そっと宮廷魔術師の背後に行き、耳元で俺は囁く。
「そんなんじゃ、俺の魔力を抑えることはできないな」
宮廷魔術師はビクついて、詠唱が止まり周囲を見渡す。
「どうしたんだ?オルニよ」
「いえ、何者かに邪魔をされたような気がしまして・・・・」
「さっさと続けよ!」
「ははっ!」
スパイル国王の指示で、宮廷魔術師は詠唱を再開した。俺は、その光景を見ながら部屋を出て最終目的地に向かう。
「一度外に出ないと、あの扉からじゃないと地下に行けないよな・・」
そう呟きながら、捜索を続けている兵士達をすり抜けて王城の外に出た俺は、あの微かな記憶を頼りに拘束から解放された時の扉を探す。
「・・・・見つけた!」
長く使われていない頑丈な扉を発見し、近くに兵士達がいないうちに扉を破壊して侵入する。

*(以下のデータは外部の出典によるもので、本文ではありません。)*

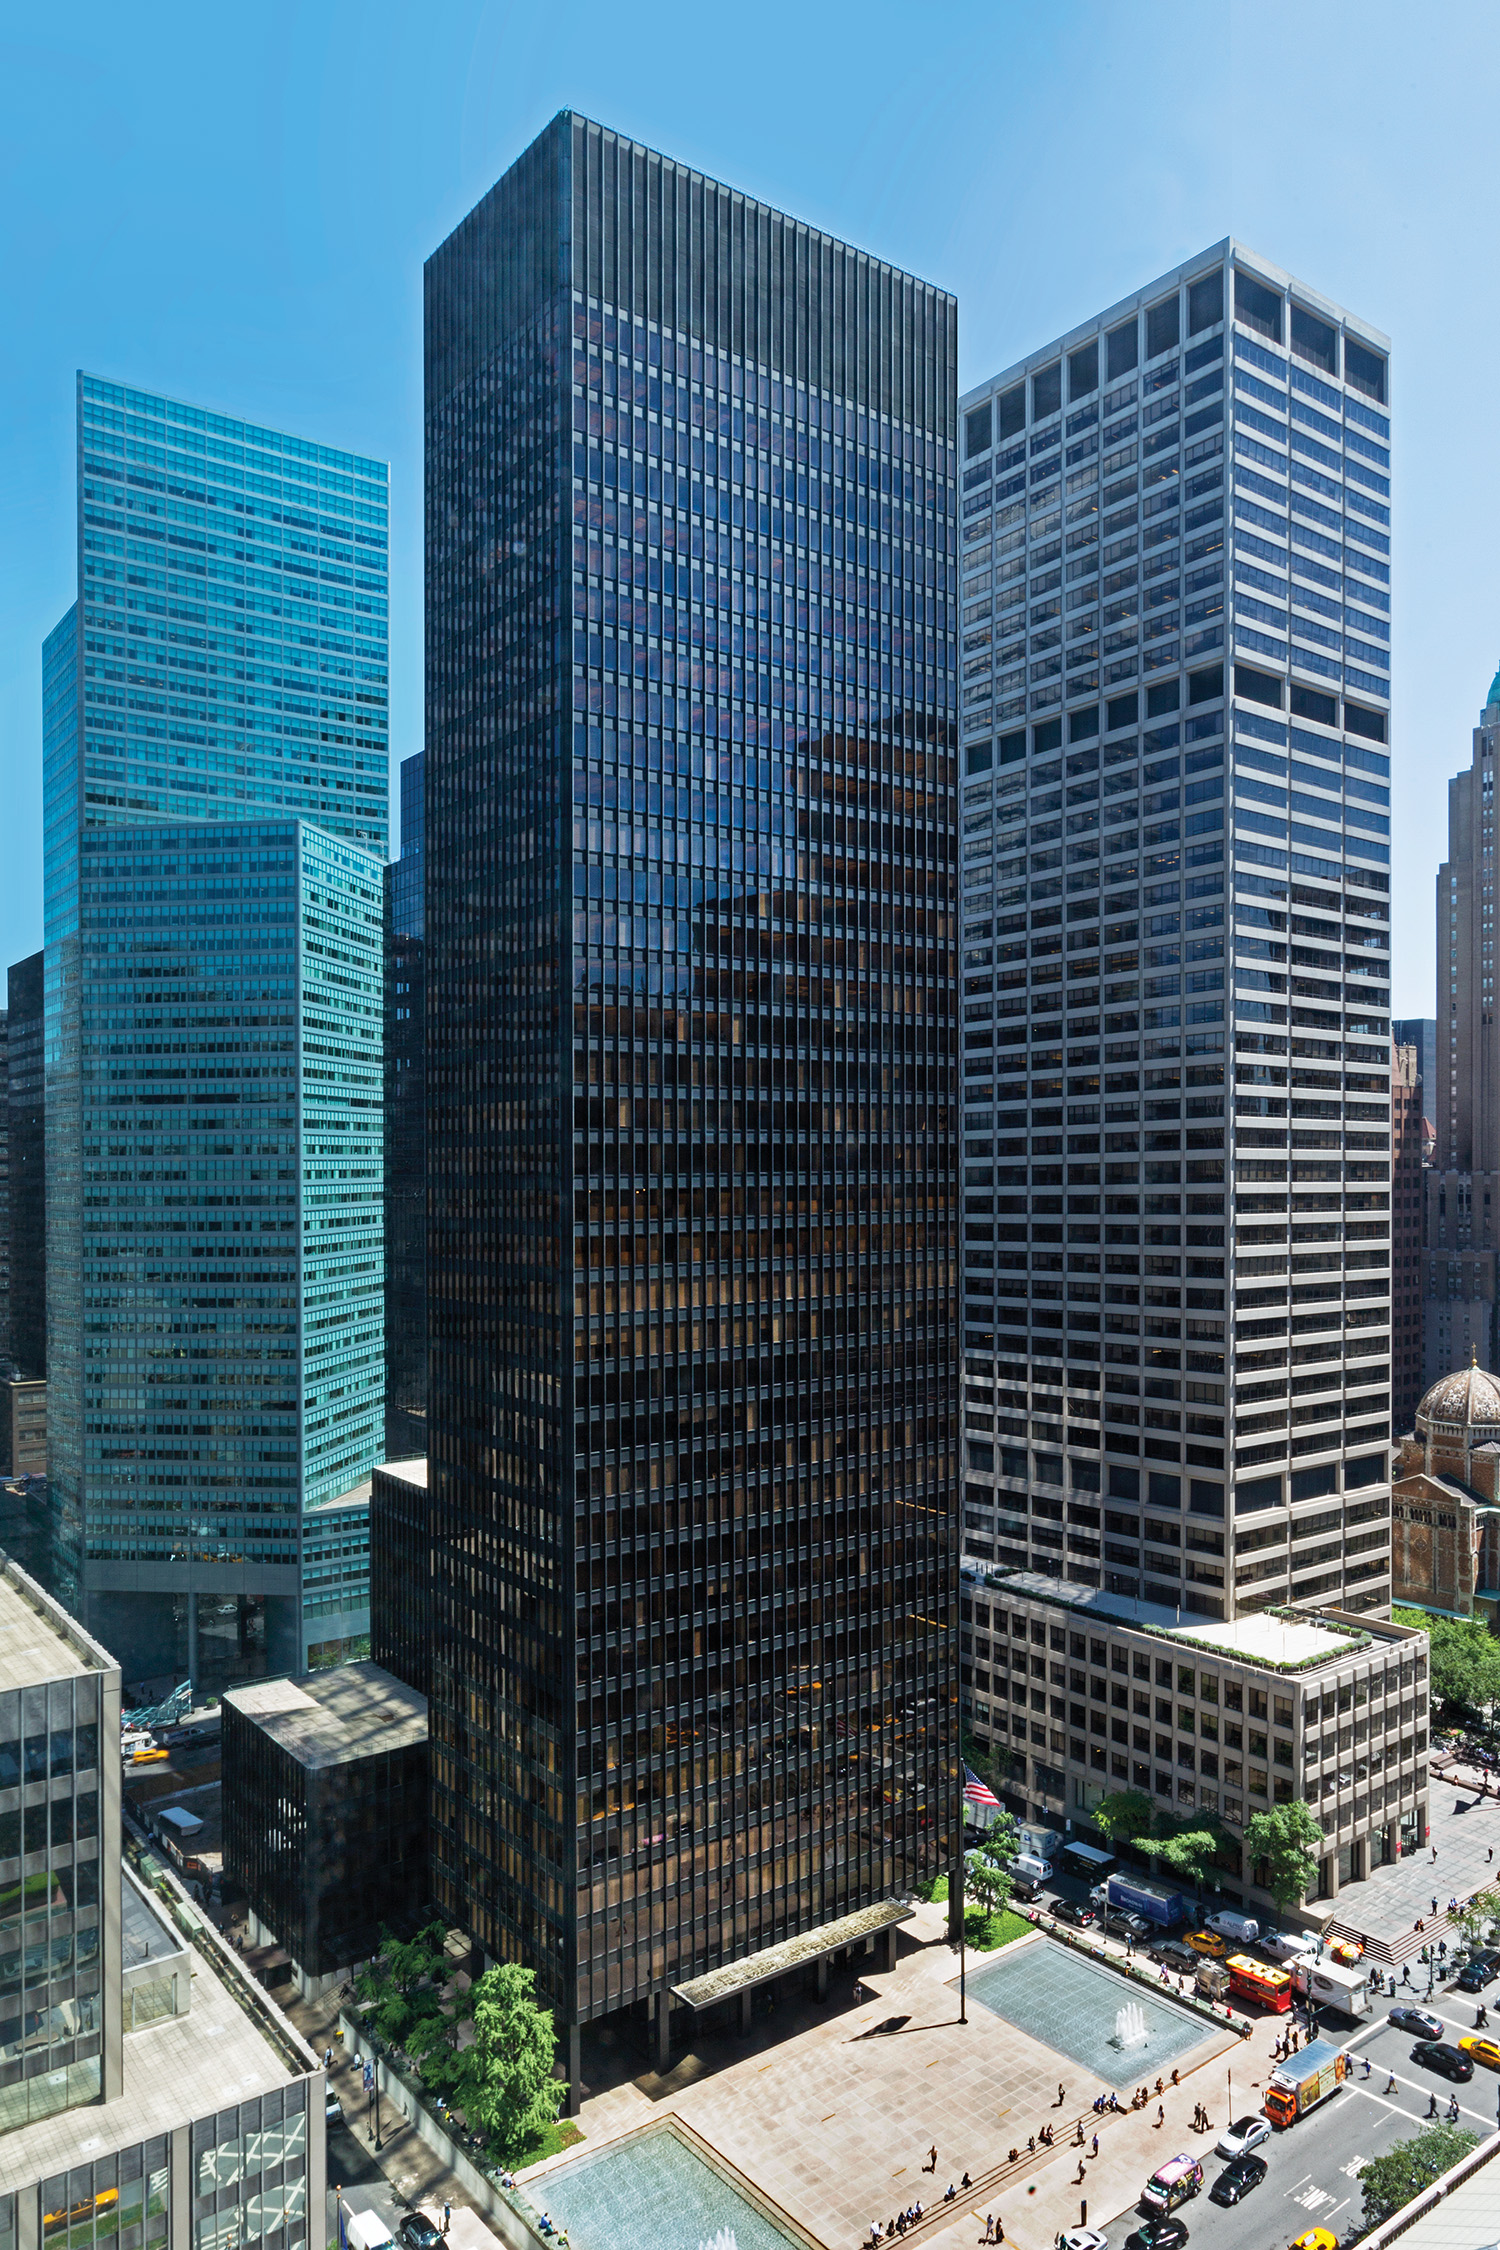 Seagram Building / New York NY / Mies van der Rohe

暗く長く続く廊下を歩き何度か階段を降りて地下独特の空気感を感じながらいると、たった1人で警備する騎士を見つけた。
どうやら騎士は、居眠りをしているようで警戒している感じは無い。そのままゆっくりと近づき、寝息をたてている騎士の喉元を一気に切り裂いて絶命させた。
無造作に置かれていた鍵を拾い、独房区画とここを仕切る格子扉の鍵を解除して扉を開けて中に入る。
キィィ
独房区画を歩き、門を曲がると鼻にツンとくる刺激臭を感じた俺は自然と匂いの元を辿る。
そして、辿り着いた場所は一番奥の暗い独房だった。
・・そこには、2つのモノが寄り添いあうように置いてある。
・・・・独房の無機質な格子に近づき、その2つのモノを凝視する。
・・・・・・暗さに慣れた視界が、2つのモノの容姿の一部が僅かながらに認識できた。
・・・・・・・・赤黒く染まりきった左側の物に汚れた金髪と青髪の持ち主を。
あの壁に埋め込んでやった兵士が言っていた姿に変わり果てた姿をジッと見つめる。
「・・リサ・・カラ・・・・」
2人の名前を口にした時に、声に反応したかのように2人が動いたように見えた。
俺とリサとカラを隔てる、この格子を破壊して独房の中に入り2人を優しく抱き締める。
僅かながらに浅い呼吸で体が動いてることが伝わってきたため体を離すと、なんとか命の鼓動を続けている状態が奇跡と思うほどの酷い傷だ。
「いま・・今から、この苦しみから解放してあげるからね」
虫の息である彼女達からの反応は無い。
アイテムボックスから魔力回復ポーション4本取り出して一気に飲み干す。
「・・リサ・・カラ・・必ず助け出すからね」
そう伝えた俺は、俺が起きなかったことを考えてあイテムボックスから大量の食料と水を脇に置いて、アイテムポーチを2つわかりやすい場所に置いた。
「これなら、心配いらないはずだ・・」
2人を優しく抱き寄せ髪をゆっくり撫でた後に目を閉じて意識を集中し、最上級治癒魔法を詠唱する。
「神よ、我は代償を支払うことを誓いここに願う。若き愛おしい2人の身体の再生を。若き愛おしい2人の生命の復活を叶えたまえ!」
『エクストラ・マキシマムヒール!』
全身から俺の全ての魔力が一気に溢れ出す感覚を自覚した瞬間には、魔力欠乏症の痛みを感じる暇もなく意識を手放した。